AT&T Might Agree To Adhere To Neutrality Rules To Seal Its $49 Billion DirecTV Purchase, But Probably Not
from the believe-it-when-you-see-it dept
There’s not a company around that hates the FCC’s net neutrality rules more than AT&T, as its two lawsuits against them attest. There’s a pretty obvious reason: AT&T’s been at the bleeding edge of obnoxious, neutrality-trampling network pricing models for a decade, and obviously doesn’t want the government interfering in these ambitions. But at the same time, the telco wants regulators to sign off on its $49 billion acquisition of DirecTV (including the exclusive out of market broadcast rights of NFL Sunday Ticket). As such, the Washington Post claims AT&T is telling regulators it will agree to net neutrality to get the deal approved:
“Among the deal’s so-called conditions is expected to be something fairly simple. AT&T is prepared to accept aspects of the net neutrality rules adopted by the Federal Communications Commission earlier this year, according to people familiar with the negotiations, who declined to be named because the deliberations are private.”
Can you spot the one word in that paragraph that should cause reservations as to AT&T’s sincerity? ISPs have long stated they’re fine with some “aspects” of the FCC’s net neutrality plan, most notably the no blocking or service throttling provisions — since they’ve never really had an interest in that. There’s no money in it, and it’s a PR minefield. They’re focused on notably more clever and less obvious abuses of net neutrality, including usage caps, interconnection, and zero-rated apps, where users and companies can be nickel-and-dimed under the pretense of ordinary business behavior.

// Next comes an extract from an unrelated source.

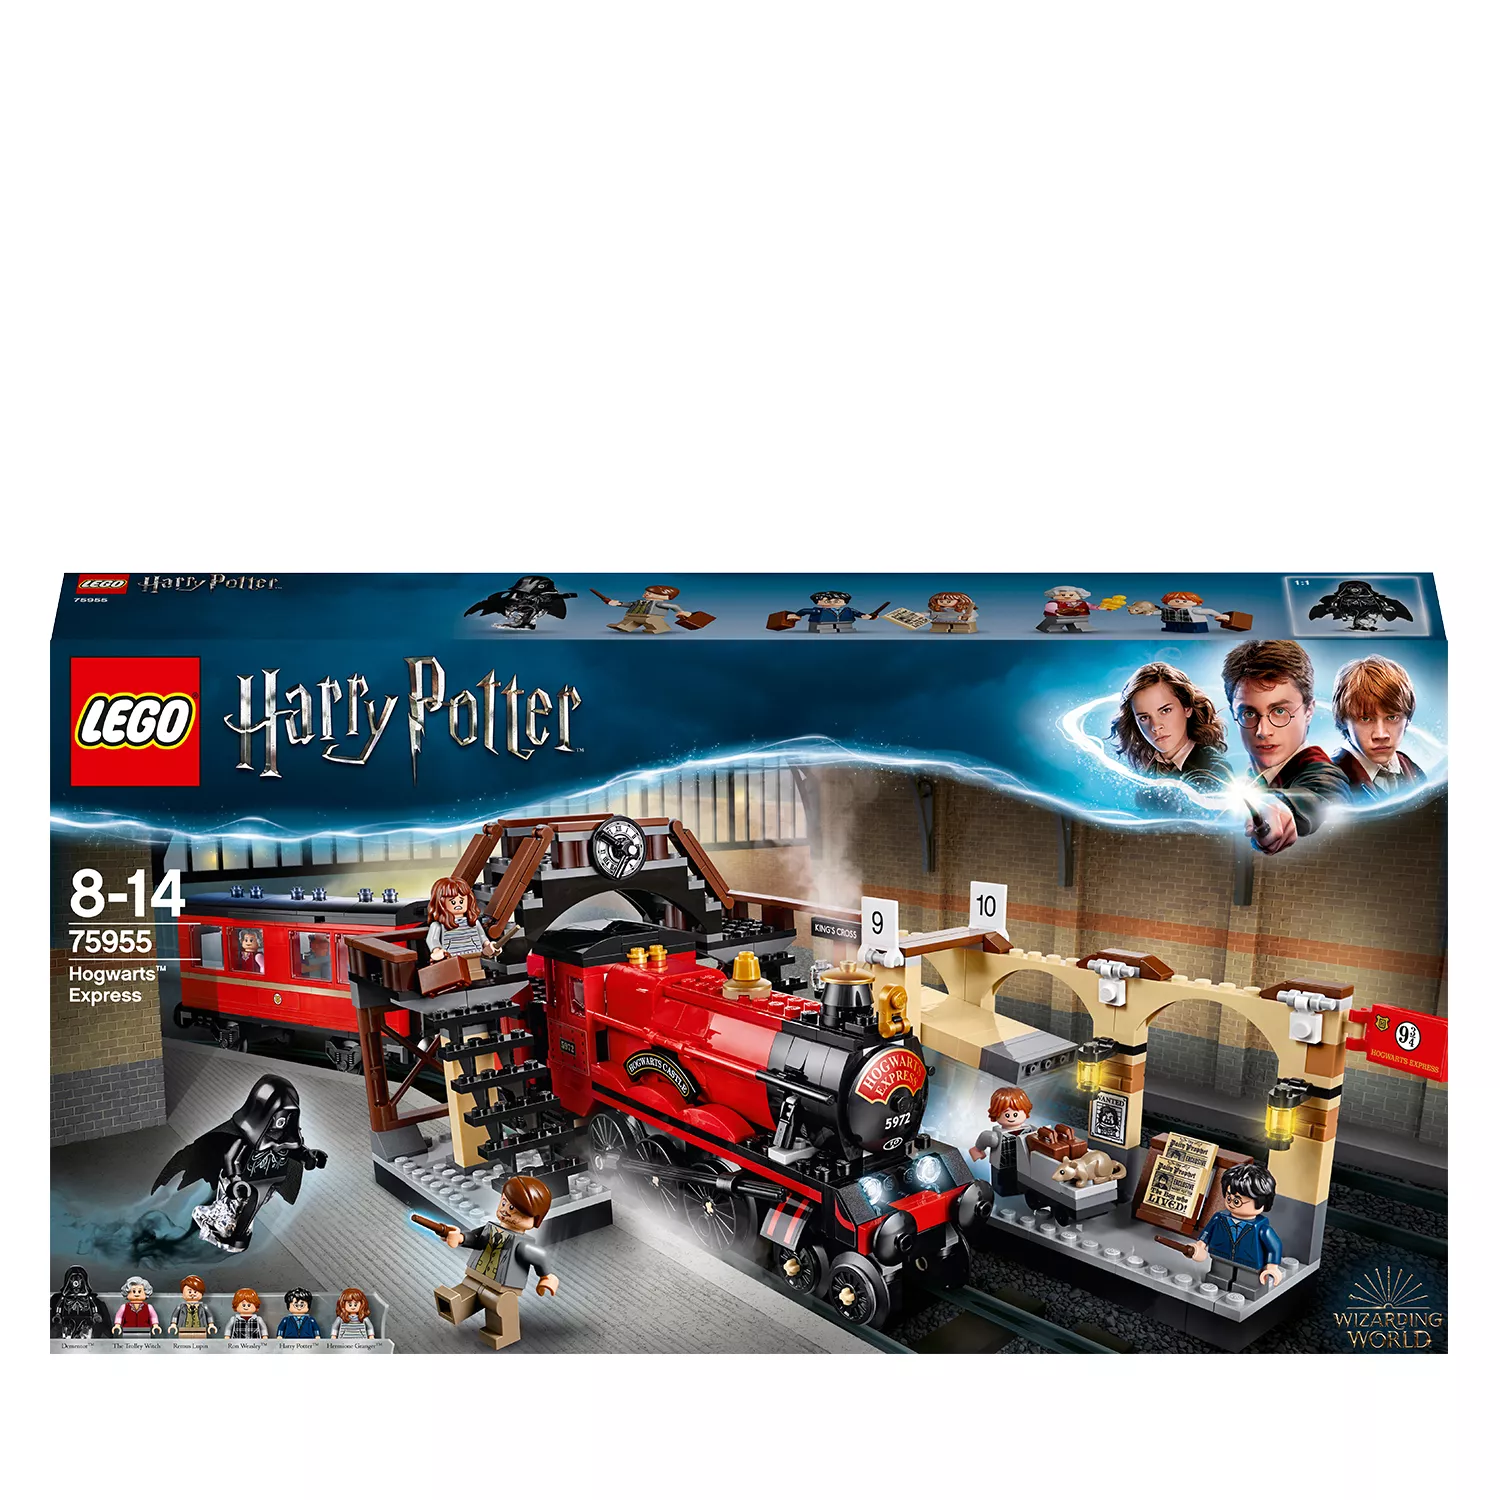 LEGO Harry Potter Hogwarts Express

And indeed, as the Post moves on to talk about interconnection issues, you’ll note AT&T’s enthusiasm for cooperation wanes notably:
“Critics of the DirecTV acquisition have asked that, as part of the deal, the FCC require AT&T to route incoming content to consumers without levying a fee on the companies sending the traffic. In reply, AT&T has said that its recent deals with content delivery firms such as Level 3 show that the current system of privately negotiated contracts is working properly.”
Of course, the only reason AT&T struck a deal with Level 3 is because it was worried about running afoul of the FCC’s net neutrality rules, which actually suggests it’s the FCC’s neutrality rules (in fact the mere threat of them) that’s working properly. AT&T doesn’t want the FCC policing caps either; we recently noted it’s also trying to argue that any merger conditions that prevent it from abusing usage caps will somehow hurt fixed-line broadband competition, despite the fact AT&T’s only using usage caps in markets with less competition in the first place.
So while the Post headline proudly proclaims claims that AT&T’s eager to adhere to net neutrality rules to get the deal done, the reality is there’s absolutely no indication the telco intends to adhere to any of the parts of the net neutrality rules that actually matter. Most reports suggest regulators will be signing off on the deal all the same, potentially seeing a $49 billion acquisition of a satellite company in the age of cord cutting as telecom seppuku anyway. Still, it’s kind of amazing how the outrage over the Comcast deal helped AT&T’s deal fly under the radar, despite the fact that the elimination of a direct pay TV competitor likely won’t do the pay TV market or consumers any favors.